Whether the custom resolver runs or not doesn't seem to be the issue here. The issue is that the behavior of AppSync in terms of how changes made offline get synched to the cloud is different when we run the app in the iOS simulator versus when we run it on the device.
What method do you suggest to simulate loss of network connectivity in the simulator that would be similar to turning off WiFi and cellular data on a device?
I was not able to replicate the issue in a sample app. Here are the steps followed:
Todo
modelLogic used to update multiple times
queryAndUpdate()
func queryAndUpdate(_ num: Int = 0) {
Amplify.DataStore.query(Todo.self, where: Todo.keys.name == "Todo 3") { result in
switch result {
case .success(let todos):
print("Todo fetched successfully! \(todos)")
var todo = todos[0]
todo.description = "Description \(num)"
update(todo: todo)
case .failure(let error):
print("Error fetching todo \(error)")
}
}
}
func update(todo: Todo) {
Amplify.DataStore.save(todo) { result in
switch result {
case .success:
print("Todo saved successfully!")
self.num = self.num + 1
if (self.num < 30) {
self.queryAndUpdate(self.num)
}
case .failure(let error):
print("Error saving todo \(error)")
}
}
}
Few questions to help us debug further:
Hi, @royjit, thanks for doing these tests. If you are able to share this ToDo app with me I will run it locally and see if I can replicate your results.
As for seeing errors in Xcode, I don't see any exceptions per se. However, I do see some odd behavioral differences between running the app on the device and in the iOS simulator.

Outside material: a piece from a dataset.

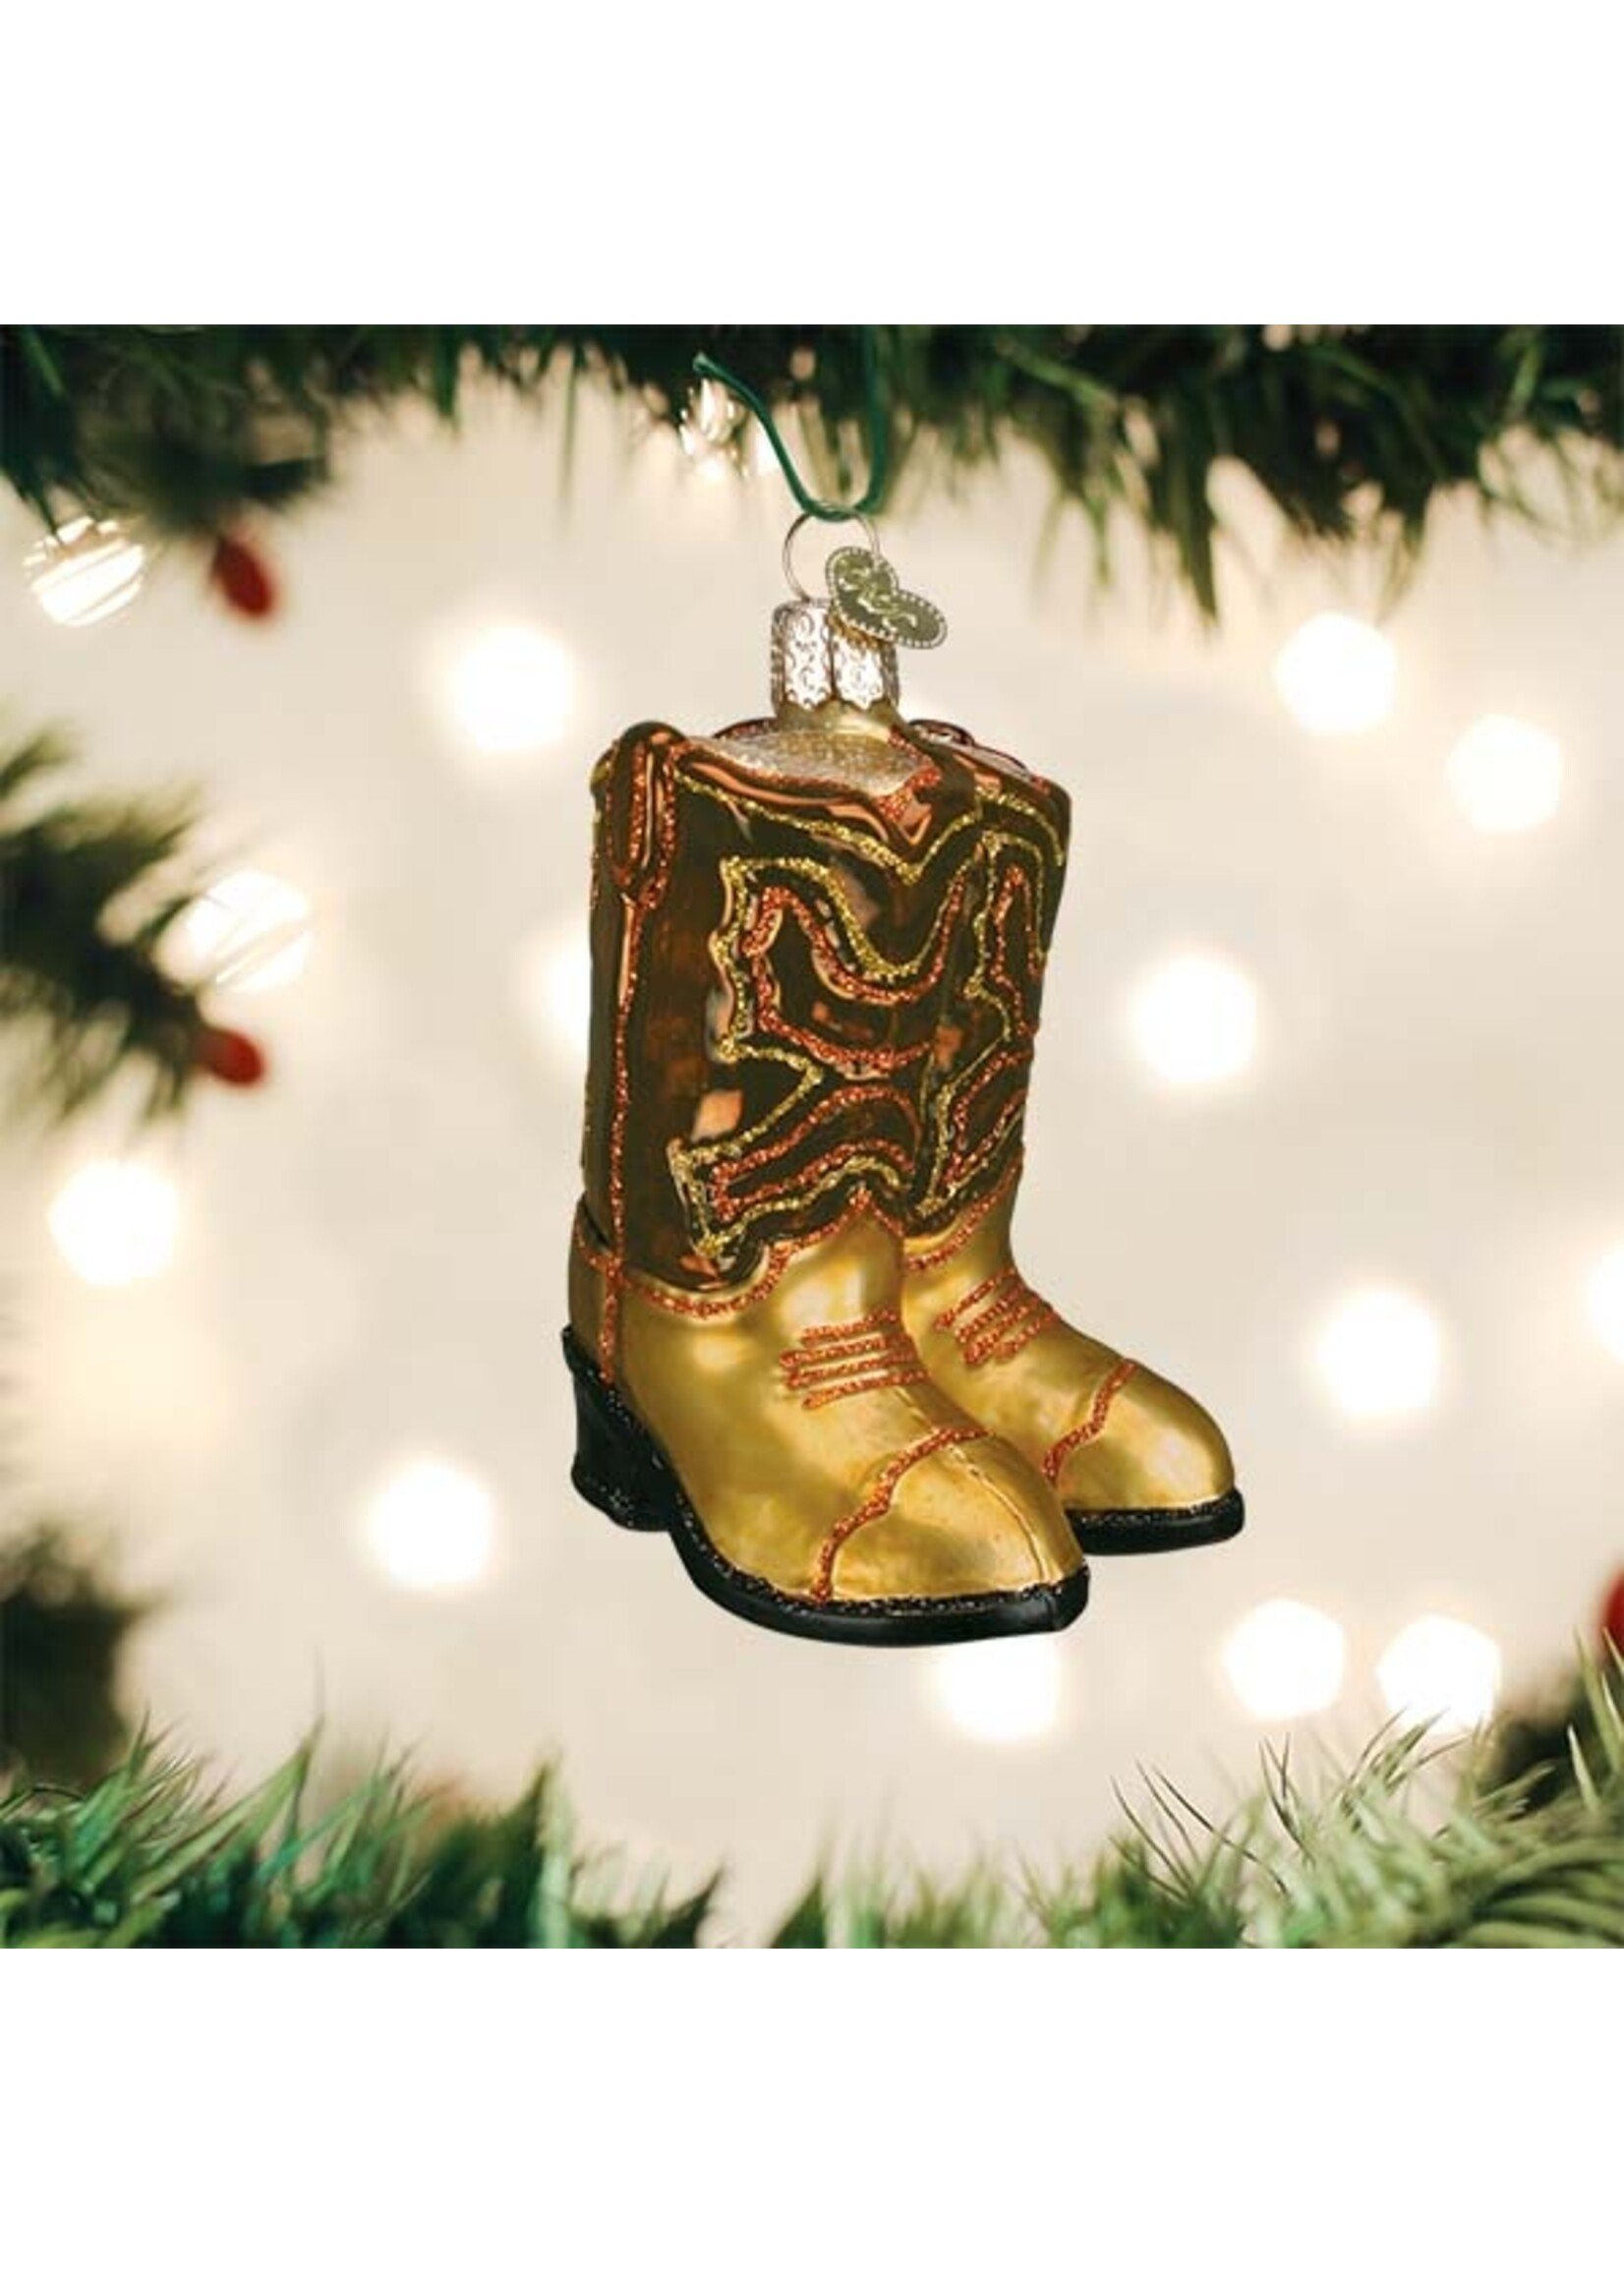 Old World Christmas Old World Brown Pair of Cowboy Boots

I added logging of many of the DataStore events to try to understand precisely what is happening in the app around the synchronization of changes to AWS.

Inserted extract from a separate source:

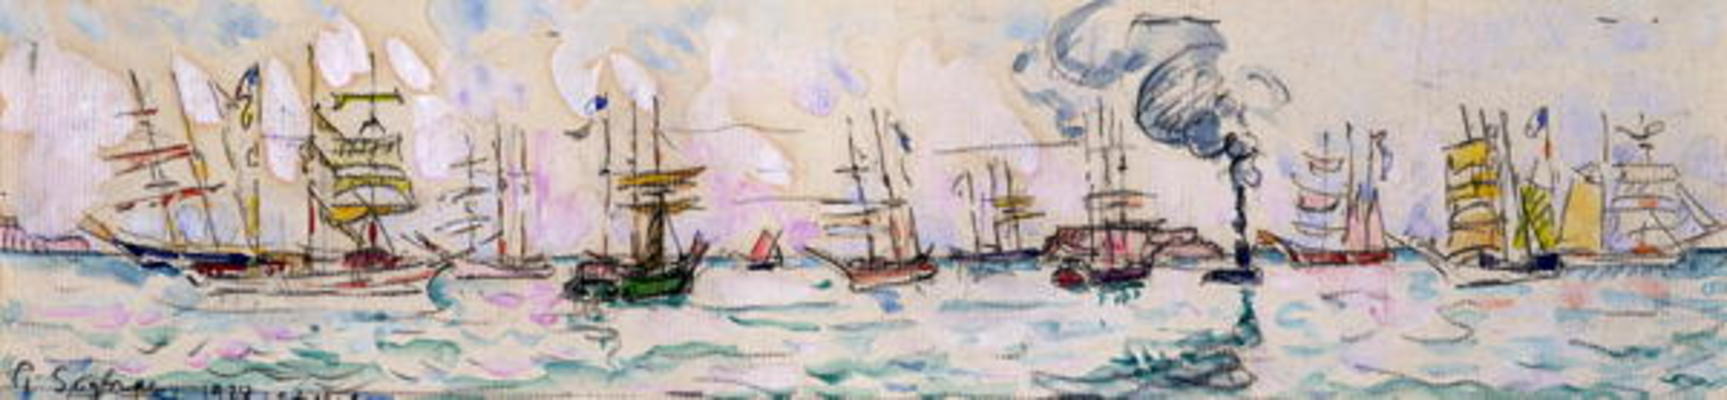 The Departure of the Fishing Trawlers to Newfoundland, 1928 (w/c on paper) von Paul Signac

For example, in the simulator, when I turn WiFi off on my laptop, the DataStore networkStatus
event indicates the loss of connectivity. However, when the network connection is restored the networkStatus
event indicating restoration of connectivity is not fired. On the device the networkStatus
event is generated and logged immediately on loss and regain of network connectivity. My concern is that Amplify behaves differently if it thinks the device is connected to the network, and the "correct" behavior we're seeing in the simulator is actually a side-effect from a bug!
Also, when connectivity is restored in the simulator, the outboxMutationProcessed
event fires for the first update, but the outboxStatus
event shows the outbox is NOT empty, presumably because the subsequent changes need to be processed. I then see an additional outboxMutationEnqueued
event fire that contains the additional changes that I made.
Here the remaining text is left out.